Required work :: What you write should match, word for word, the lines from the one containing "Covers of Jazz" through the end of the data, with no pictures.

==== Information supplied ====

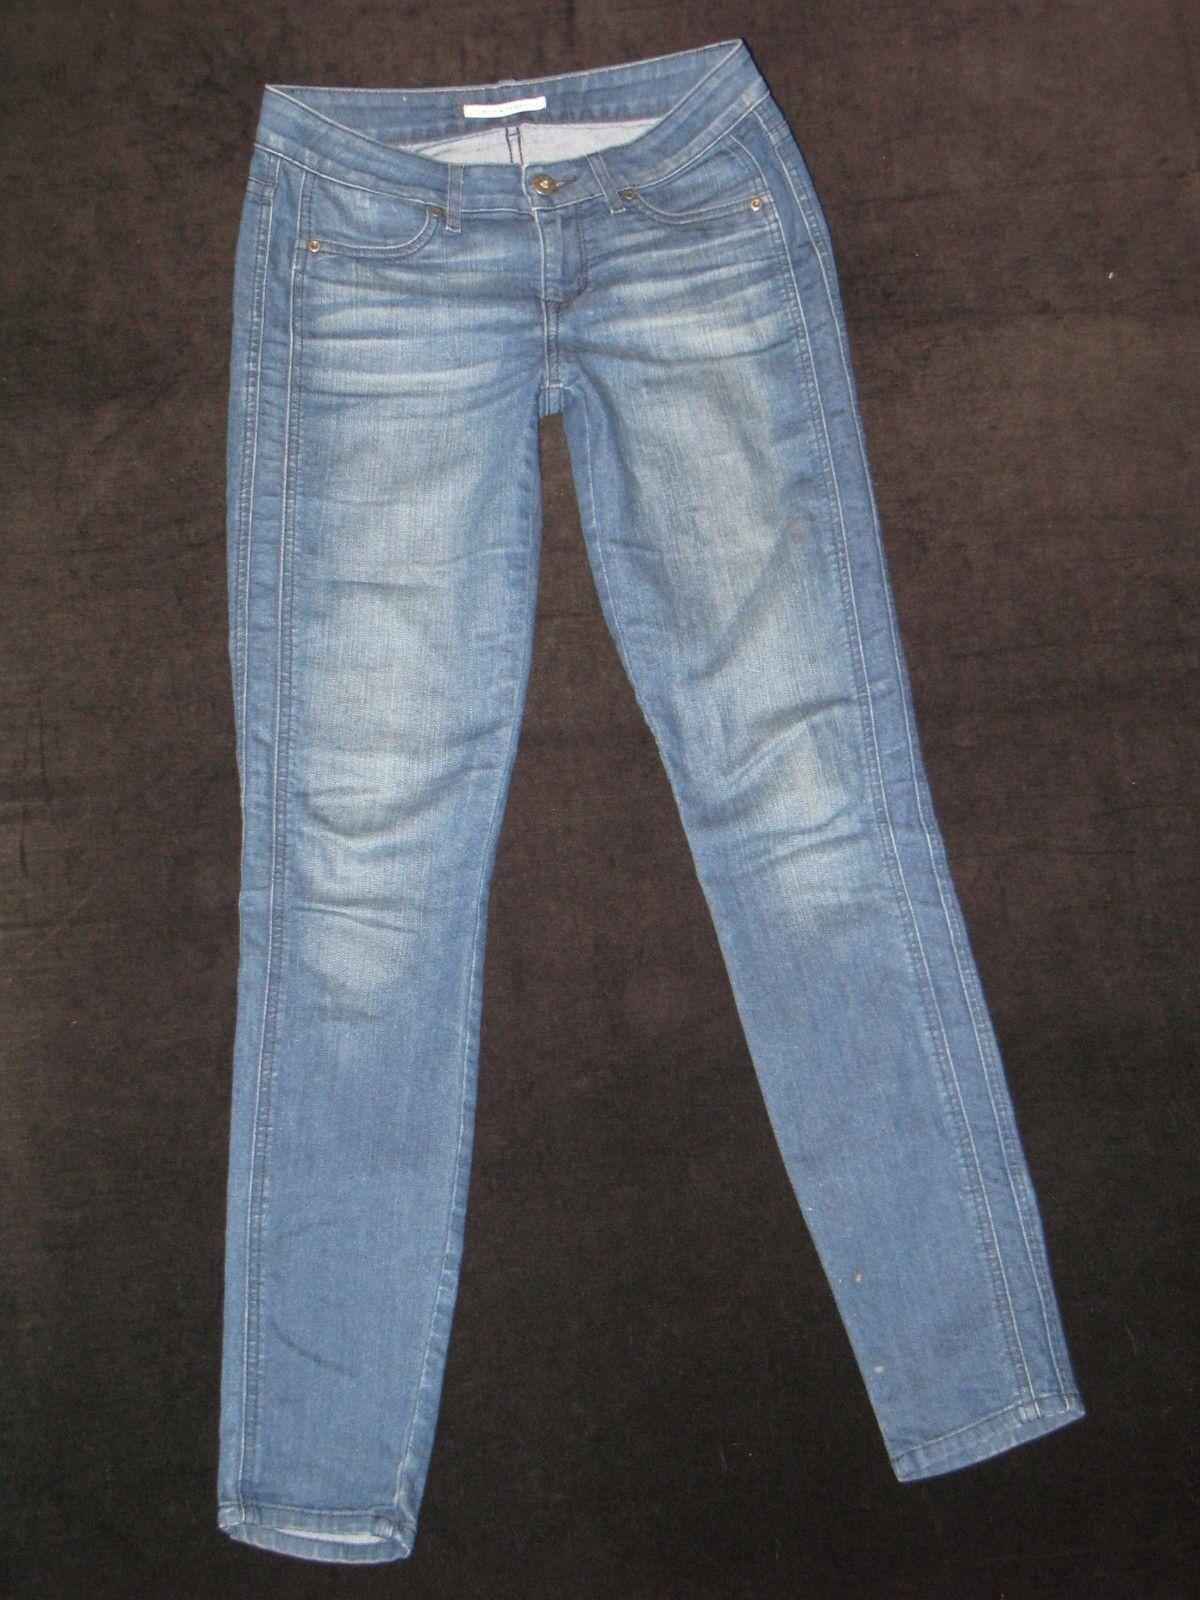 Rich & Skinny Jeans Mid Waist Super Skinny & Stretchy Distressed Sz 26
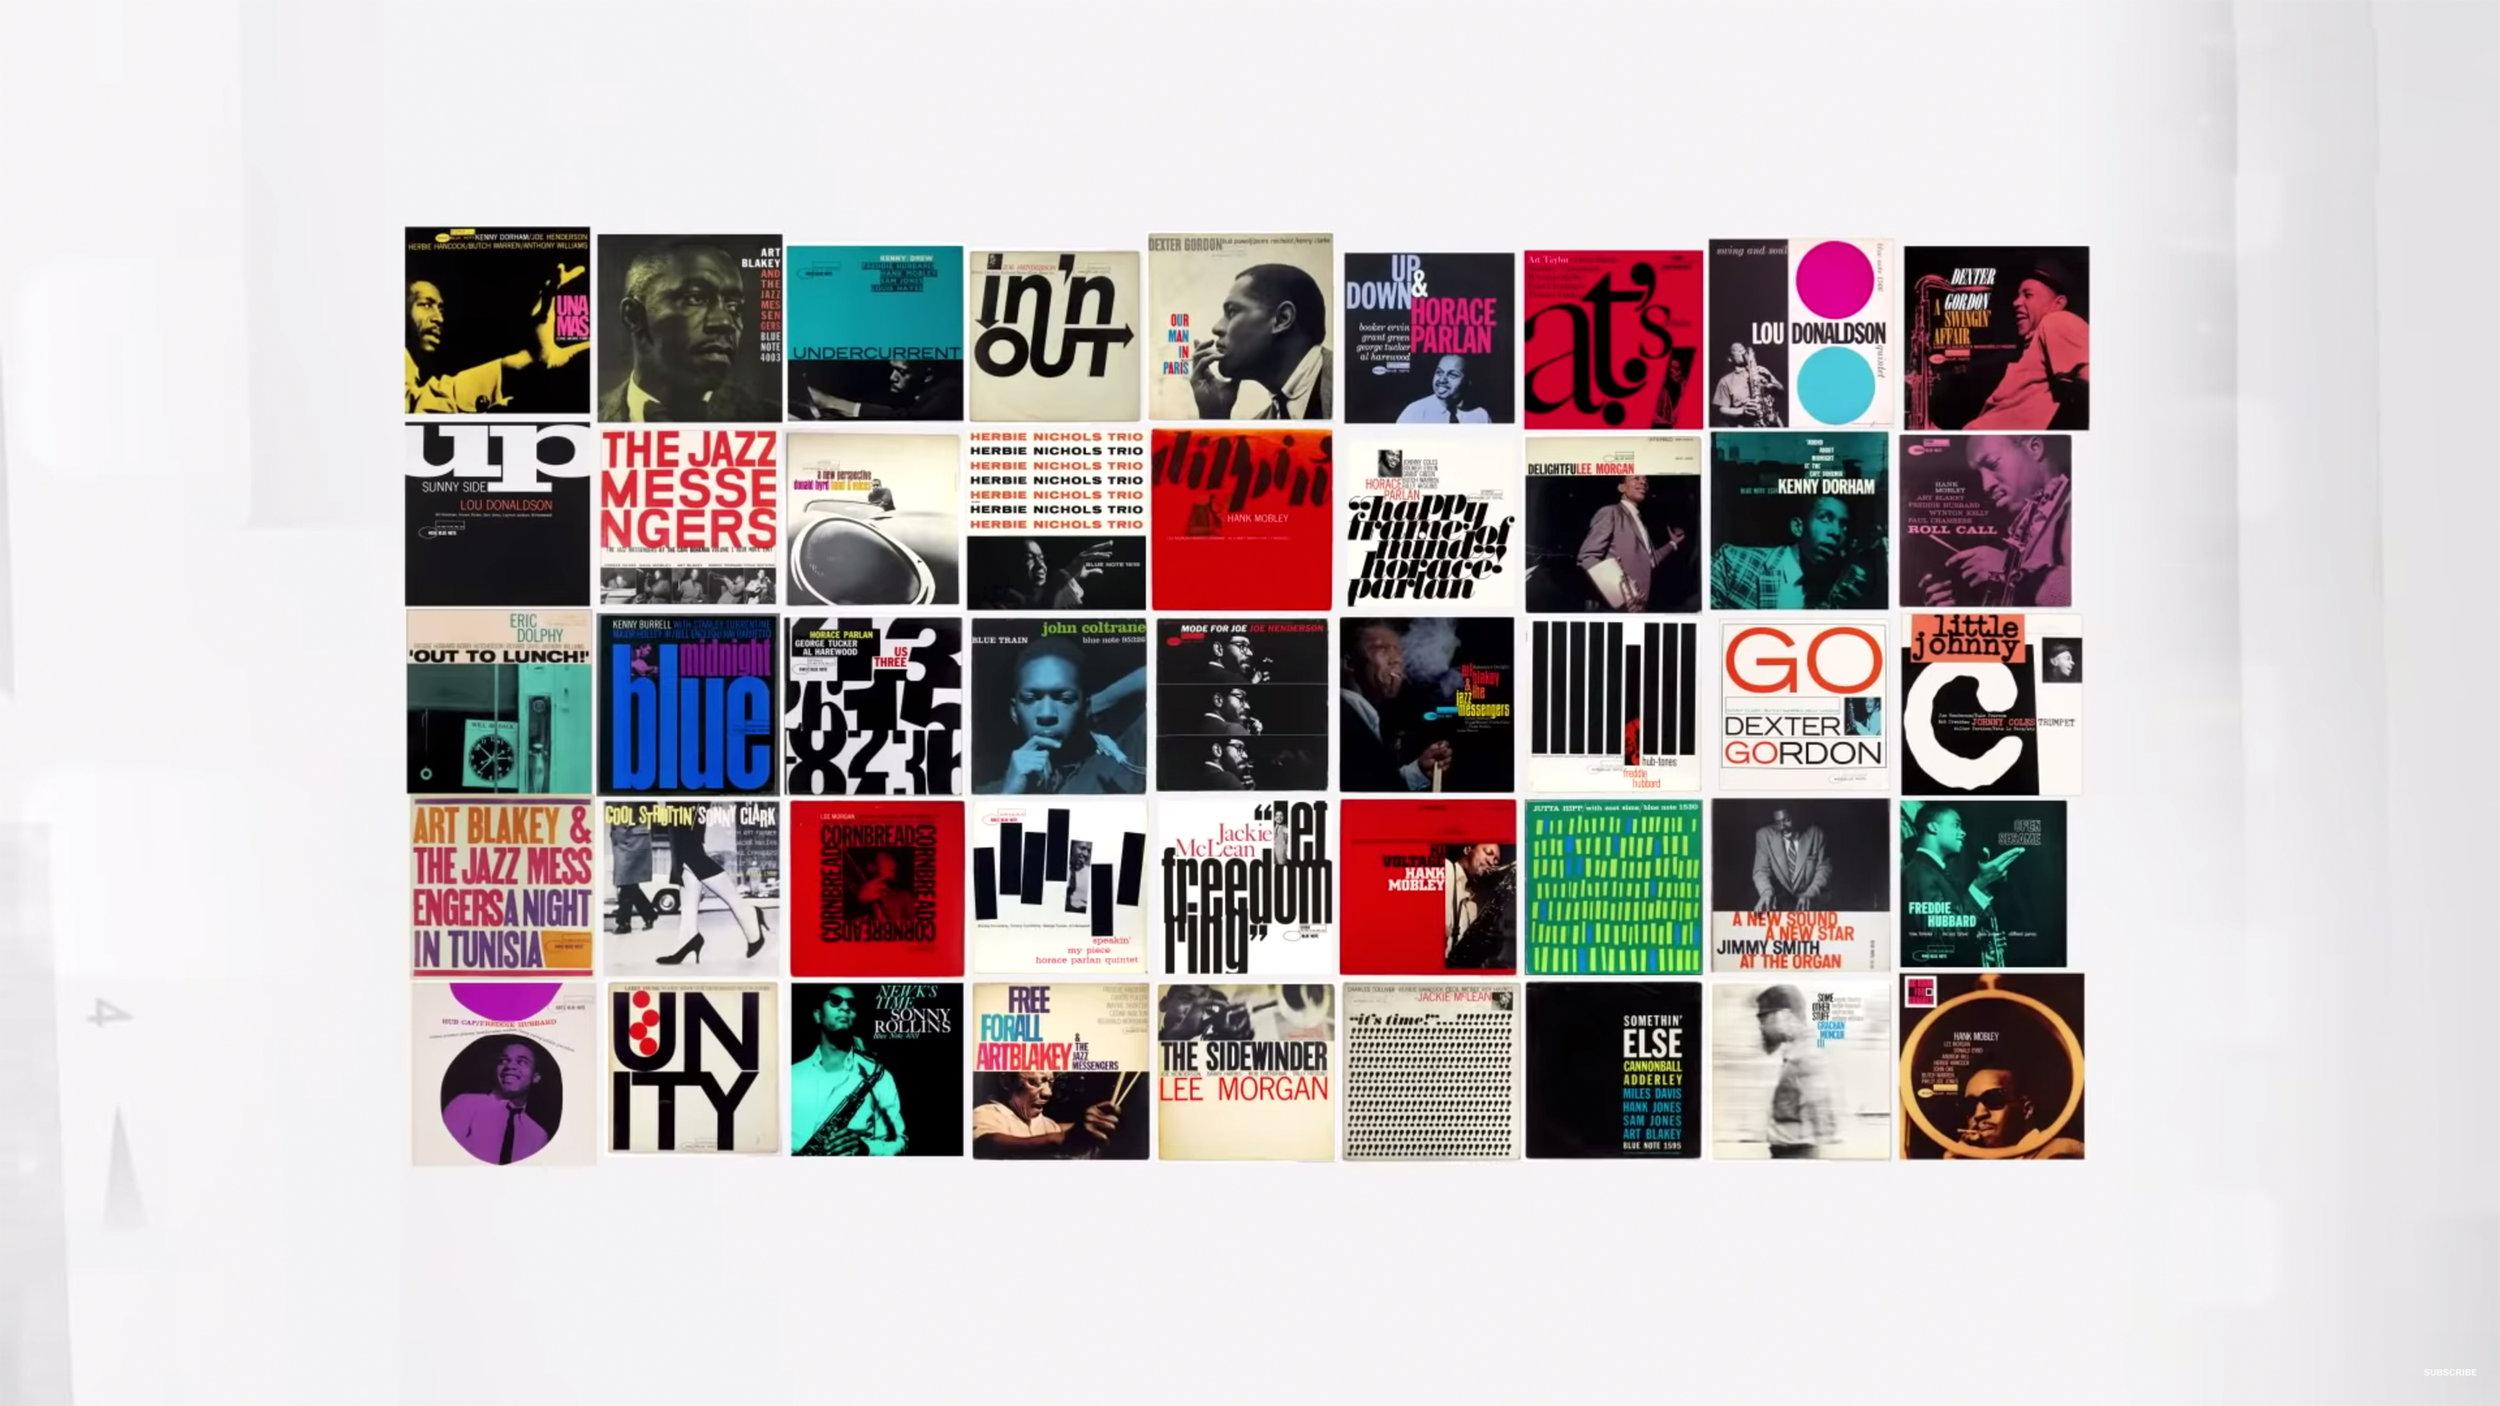 07.  The Greatest Album Covers of Jazz
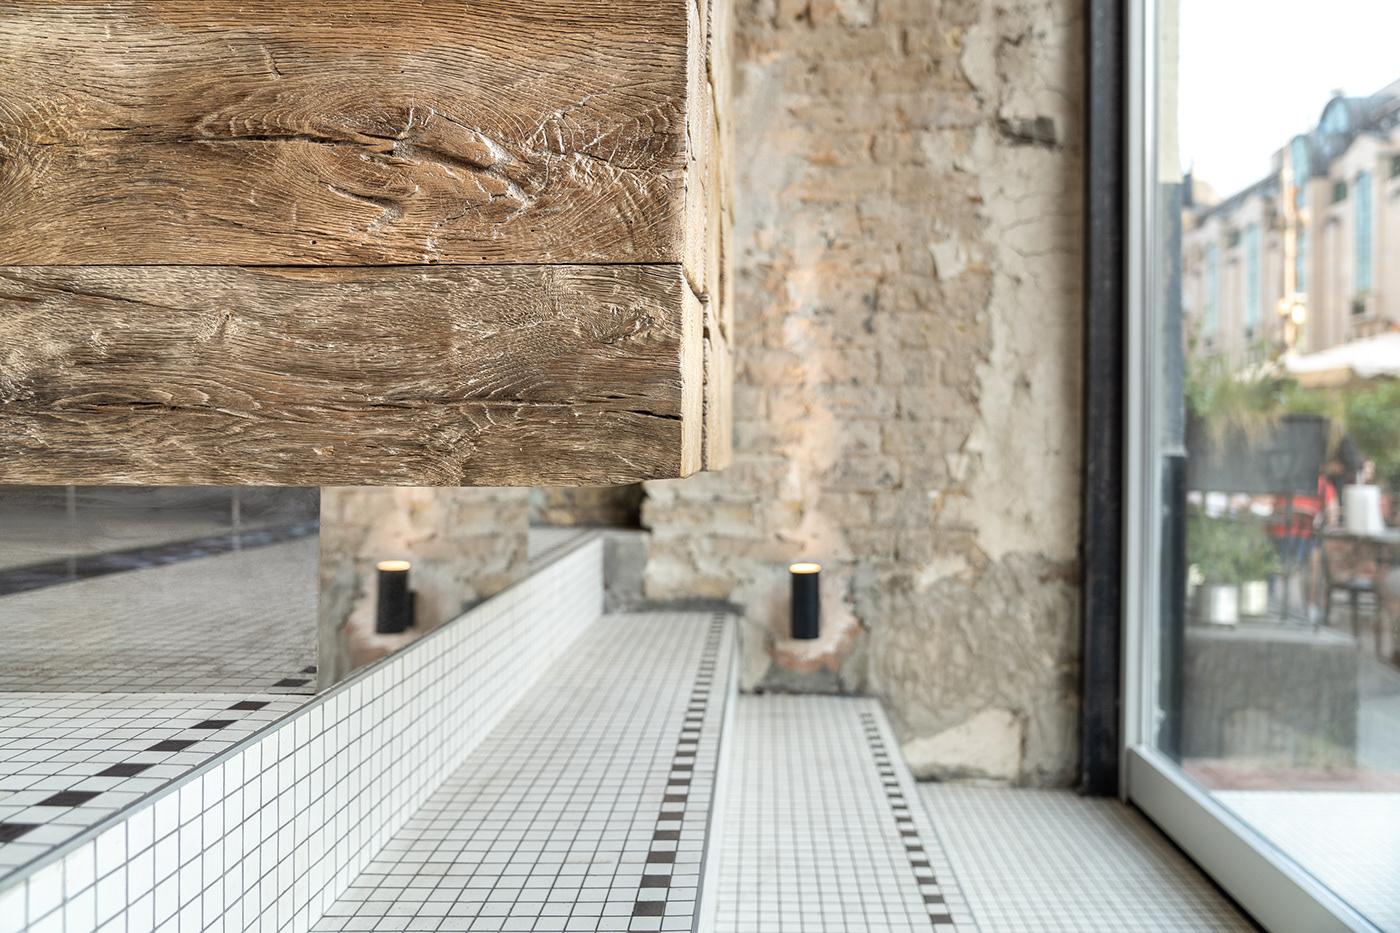 3ds max architecture building design Interior interior design  visualization
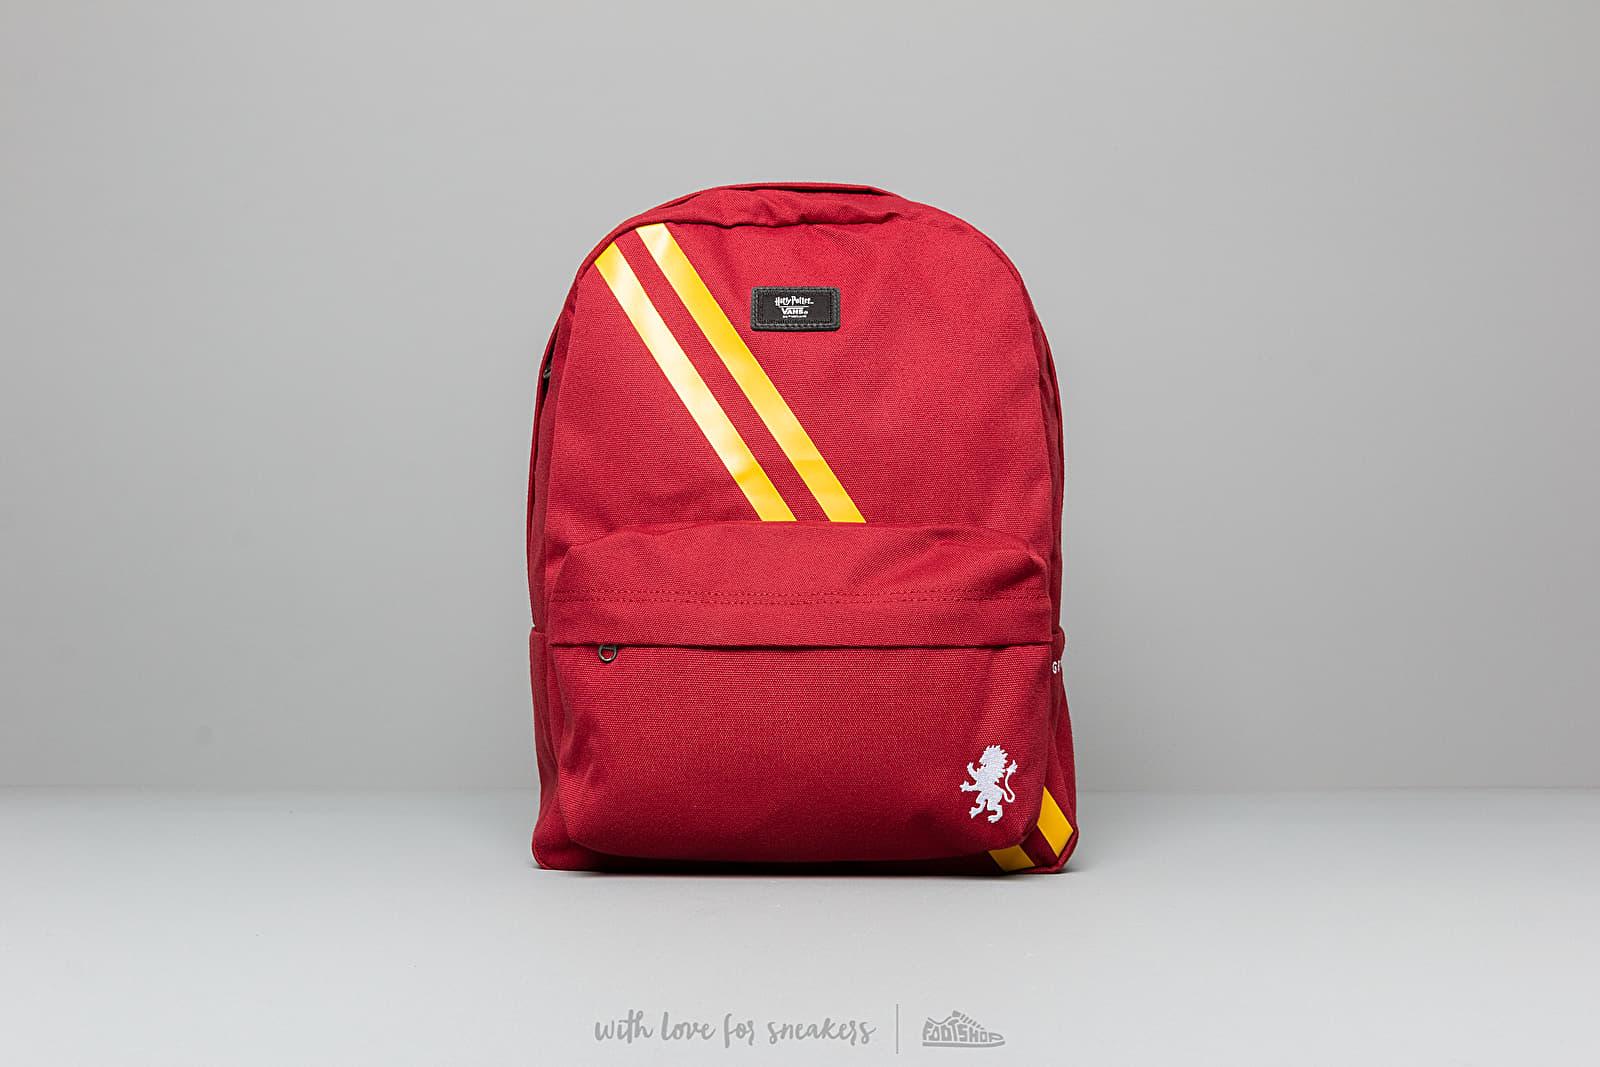 Vans x Harry Potter Old Skoll III Gryffindor Backpack

====

Solution to this problem ::
 07.  The Greatest Album Covers of Jazz
 3ds max architecture building design Interior interior design  visualization
 Vans x Harry Potter Old Skoll III Gryffindor Backpack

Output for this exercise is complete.